甘い香りを振りまき、秋が深まってきたことを感じる。日曜日の午後、金木犀の香りを楽しみたくて、近所の公園に立ち寄った。


小さな頃は散った金木犀の花をフィルムケースに集めて、部屋の中でも金木犀の匂いがすることを喜んだりしていた。金木犀は本当に小さな頃から身近に感じている秋の匂いだ。



2週間前に金木犀の香りを嗅ぎたくなって、これまた近所の山(と言っても軽いハイキングコースみたいな裏山だけど)に登ってみた。その時はまだ金木犀は蕾の状態で、甘い香りなど漂わせる段階ではなかった。
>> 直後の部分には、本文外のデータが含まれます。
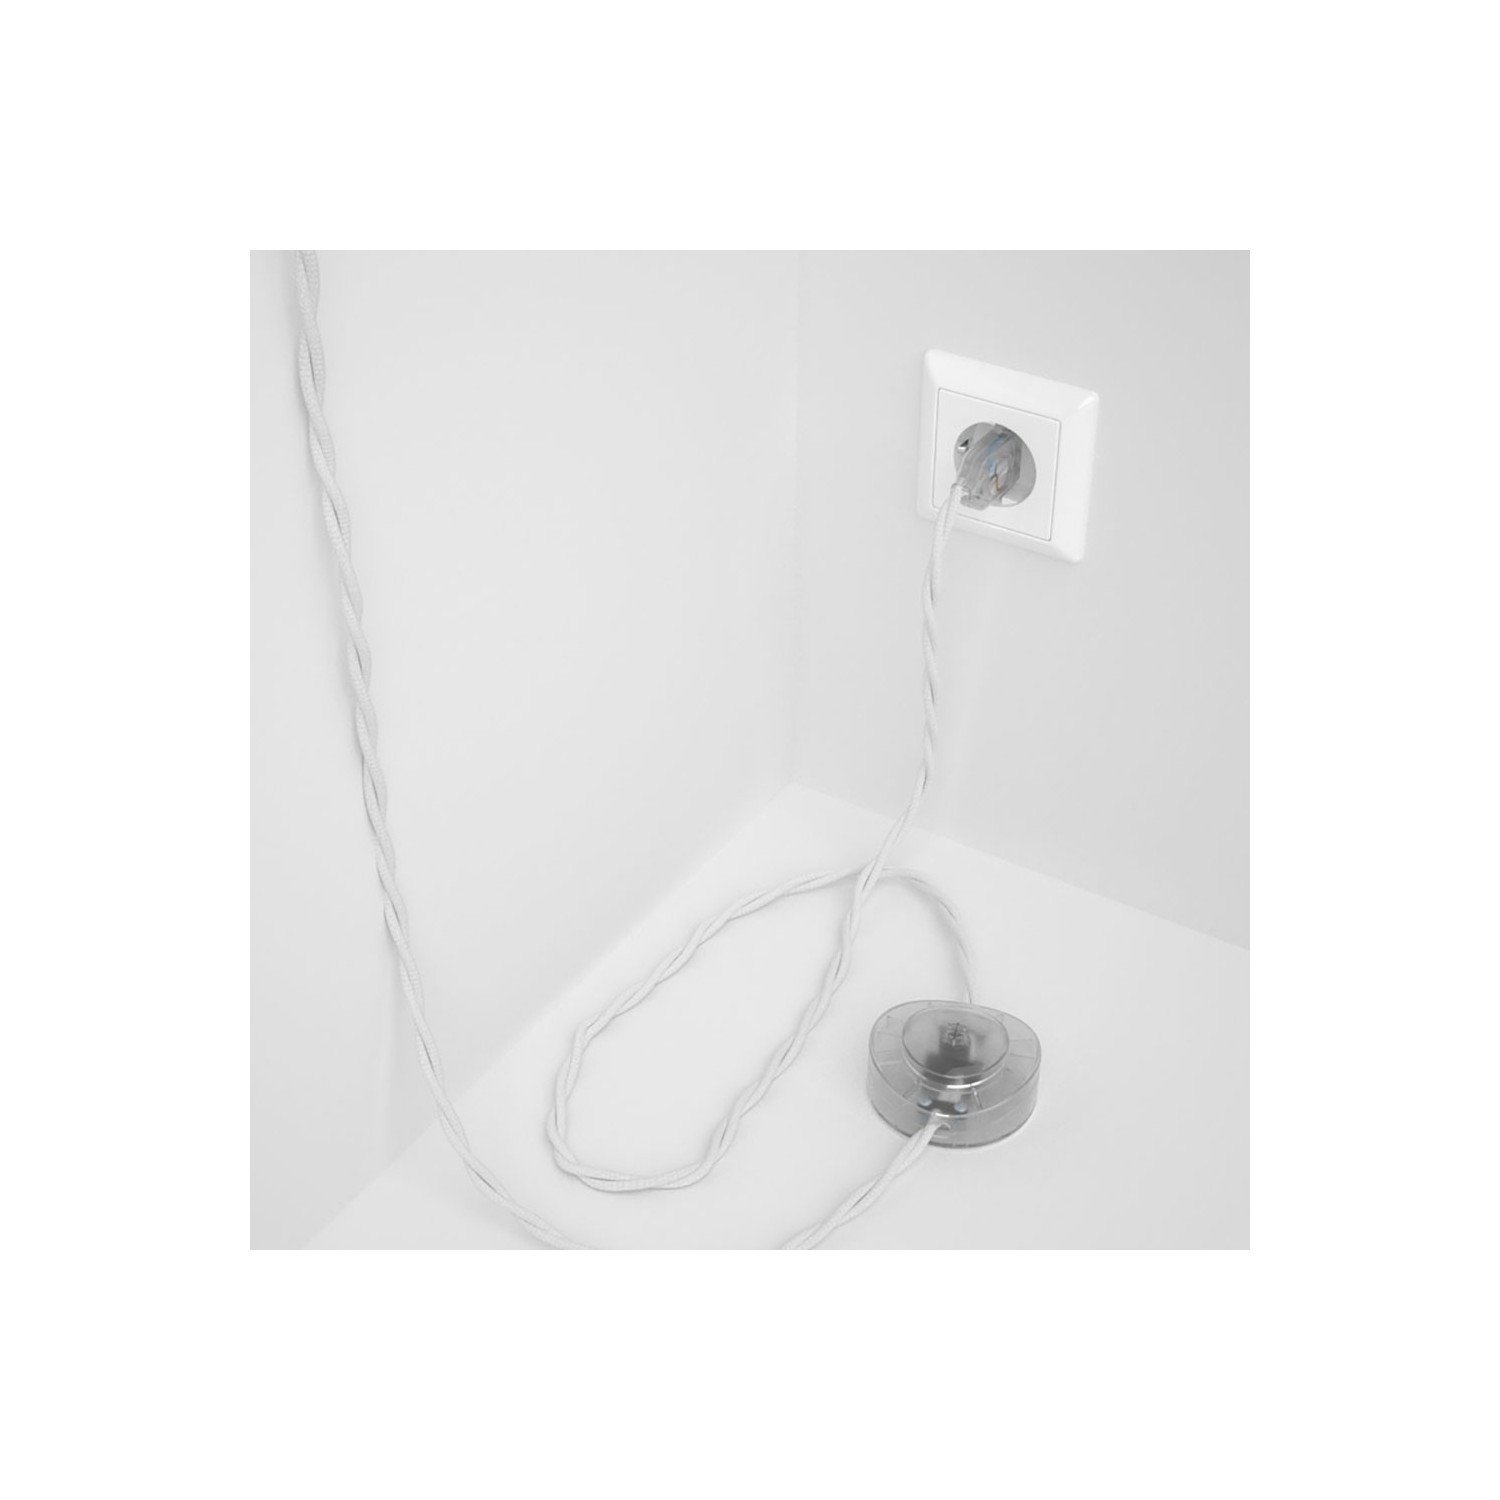 Stehleuchte Anschlussleitung TM01 Weiß Seideneffekt 3 m. Wählen Sie aus drei Farben bei Schalter und Stecke.

しかし、山を降りて麓の神社を歩いていると金木犀の香りがする。あたりを見渡しても金木犀の花は見当たらない。金木犀を強く求める気持ちが「幻臭」でももたらしたのか?山も神社も何らかの神秘的な力を持っていることだし…。と幾分かオカルトめいたことを考えたりしていたのだが、匂いの元は銀木犀であった。

白く小さな花。
白い金木犀が存在し、それが銀木犀と呼ばれるものであることを、この時まで知らなかった。
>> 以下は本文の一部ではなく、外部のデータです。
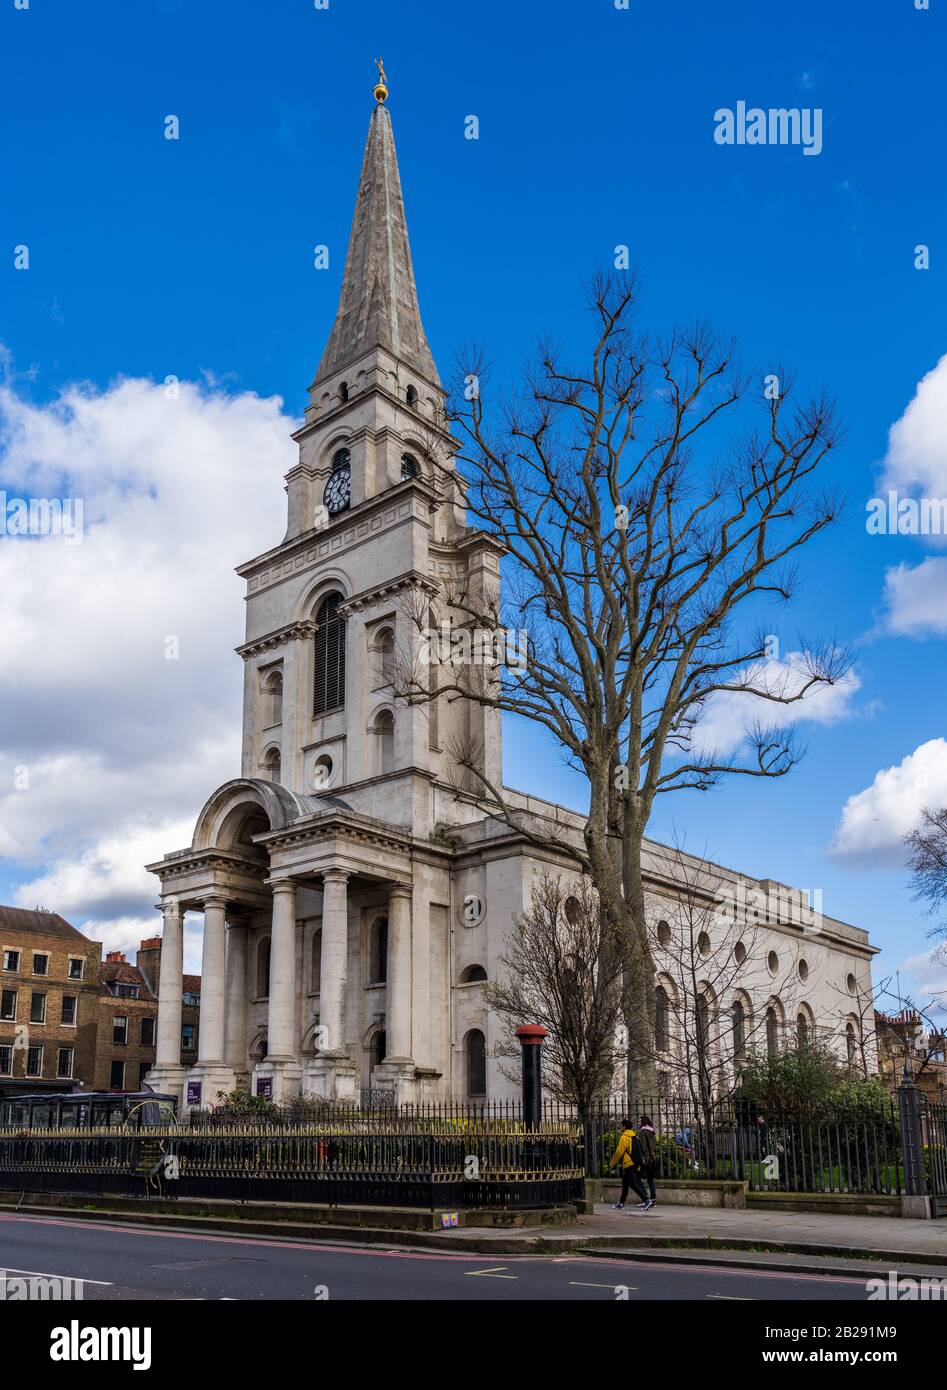 Christus Kirche Spitalfields, East London. Anglikanische Kirche zwischen 1714 und 1729 gebaut. Architekt Nicholas Hawksmoor. Stockfoto

帰宅してから、夕方に自宅のベランダで洗濯物を取り込んでいた。すると、近隣で夕餉の支度をする美味しそうな匂いがした。

「いずこもおなじ 秋の夕暮れ」ではないが、なんとなく寂しくなりそうな秋の日暮れに漂うごはんの匂いは、なんだかとても懐かしく感じるものだった。

子供の頃に外で遊び、お腹を空かせてうちに帰るときに、よその家の換気扇から匂ってくる美味しそうな匂い。後期ではあるがバリバリに昭和だったその時は、何か醤油味の煮しめでも作っているように感じる事が多かった。

中学生の頃に友達の家に遊びに行き、日曜日の夕方に帰宅する際、煮魚のような醤油ベースの美味しそうな匂いがしたことを覚えている。側にいた友達の妹(小学校低学年の子)が、そうした匂いを思いっきり吸い込んで「あぁ、凄く美味しそうな匂い。お腹が空いたなあ。」と嬉しそうに喋っていた表情がとても可愛らしかったことも思い出した。その時の季節も秋だった。


日曜日の夕方に各家庭の台所の換気扇から表に出てくる美味しそうな匂い。各家庭の炊事なんて、四季を問わずに行われているものなのだけど、秋の夕暮れに漂うごはんの匂いは一瞬にして僕を子供の頃の思い出の世界に連れて行くような気すらする。


住んでいるところが子供の頃と比べると幾分か都会になったからなのか?あたりの住宅がマンションばかりになったからなのか?なぜだか家庭からのごはんの匂いを嗅ぐこともぐっと少なくなったようにも思う。

これを寂しく感じるのも「秋の夕暮れ」だからなのかもしれない。